Idler, you nailed the Borges thing. Whenever I stumble on any encyclopedia stories or found document tales, I can't help but think of "Tlon, Uqbar, Obis Tertius," which is a real mindfuck--I'm almost surprised Borges wasn't mentioned in the article (or Nabokov for that matter) because they'd seem to fit right in in this conversation. But indeed, I re-read "Moran's Mexico" and you're right, it's way more spare than I remember.
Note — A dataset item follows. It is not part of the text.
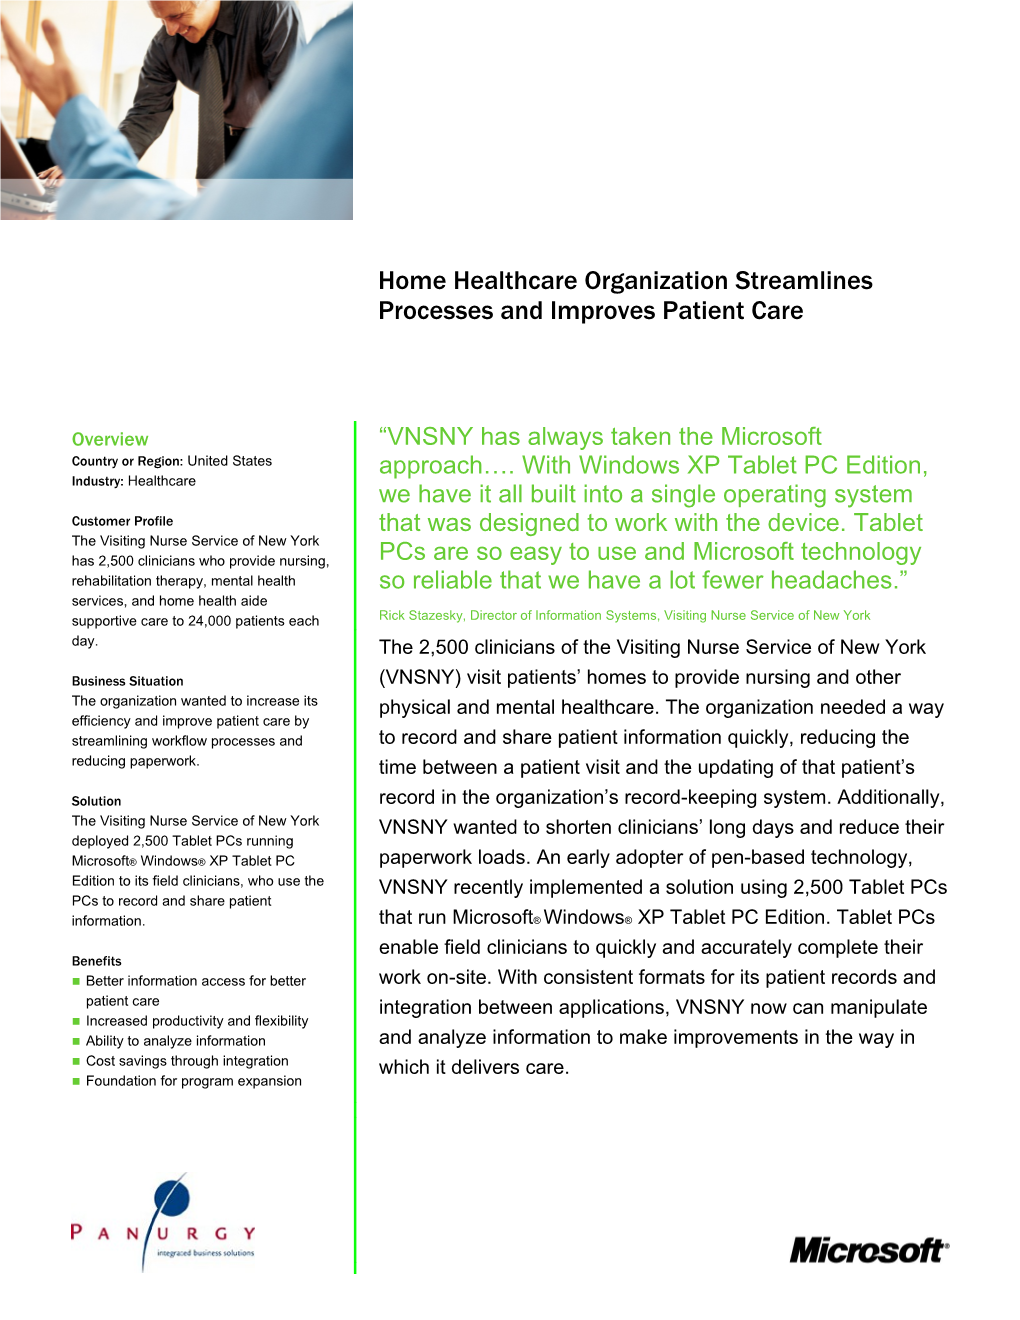 Healthcare Organization Streamlines Processes and Improves Patient Care
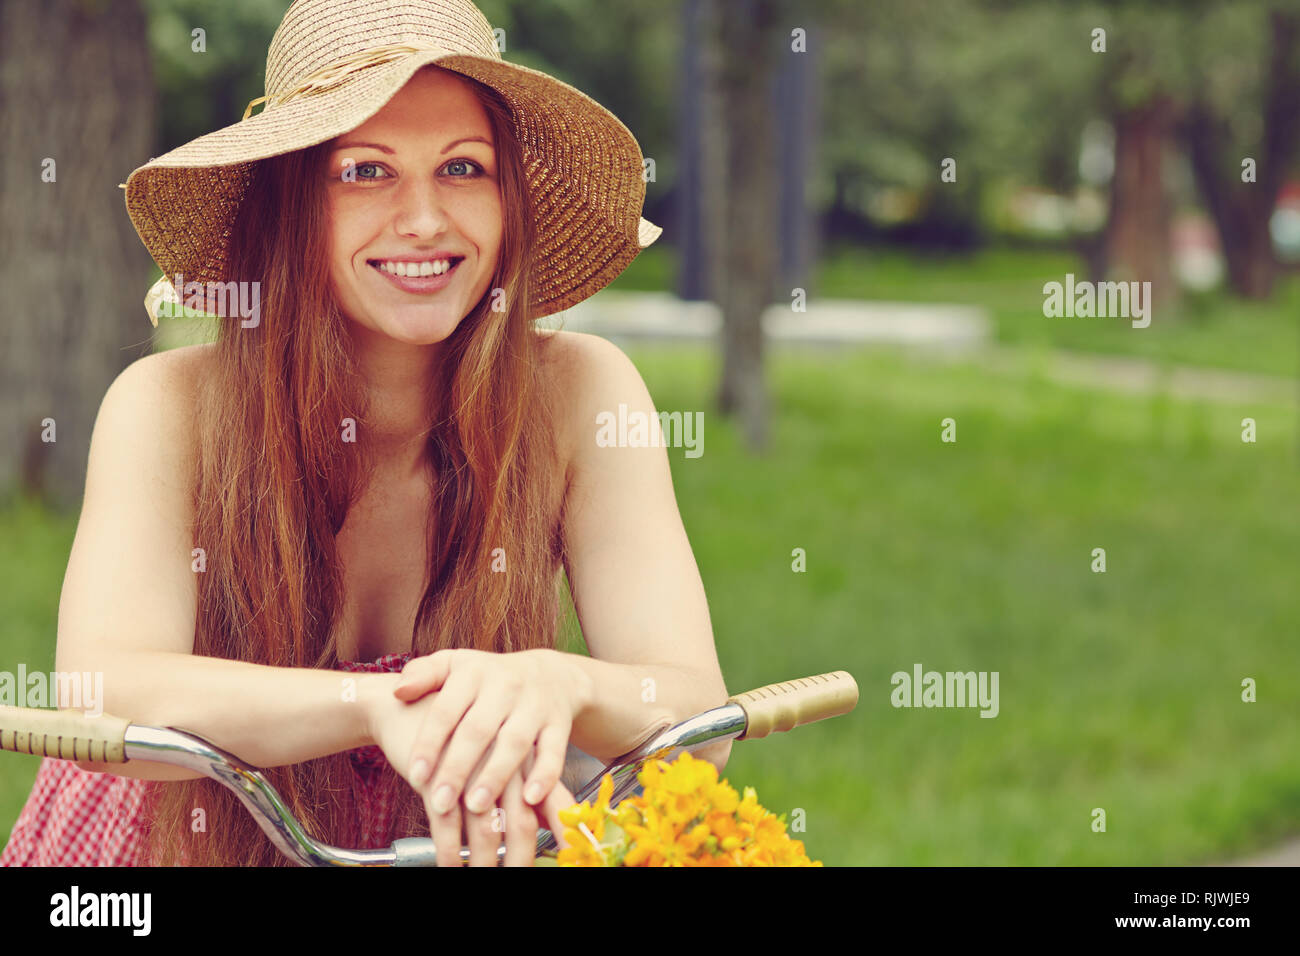 young woman in a dress and hat with a bike with flowers in a basket in a summer park Stock Photo

It's neat to think about how that story is innovative in the same way that he describes Joyce as being innovative--it just happens to have these bursts of ornamentation which sort of mask the underlying subtractive qualities of the story. All this makes clear that maximalism and its opposite need not be binaries nor that a piece of literature needs to be judged on some sort of linear Moh's Scale of Maximality. As exemplified by Joyce, fiction can inherit both qualities.
posted by jng at 7:46 AM on May 17, 2011


Oh, I too do love me some Brian Evenson. Here's some of his work online (though you should just go ahead and get The Wavering Knife, like, right now. And then Fugue State [which has a hilarious send-up of the book publishing industry, which hits me near and dear] and Altmann's Tongue, for sure, immediately after):

The Ex-Father (as mentioned by Idler, a holy shit I can't believe how messed up this is going and when you finish you just want to either a) crawl under your bed and shake or b) go home and hug your child tight)
White Square (philosophy, religion, symbols...)
The Intricacies of Post-Shooting Etiquette (does what it says on the tin; I laughed out loud in parts, which might make me a bad person...)
the aforementioned Windeye (and a video of Evenson reading it along with a few other stories)
Stung and Stockwell (unnerving!)

Two interviews with him: Gigantic and The Faster Times

And for Evenson news, you can usually count on Blake Butler's HTMLGIANT.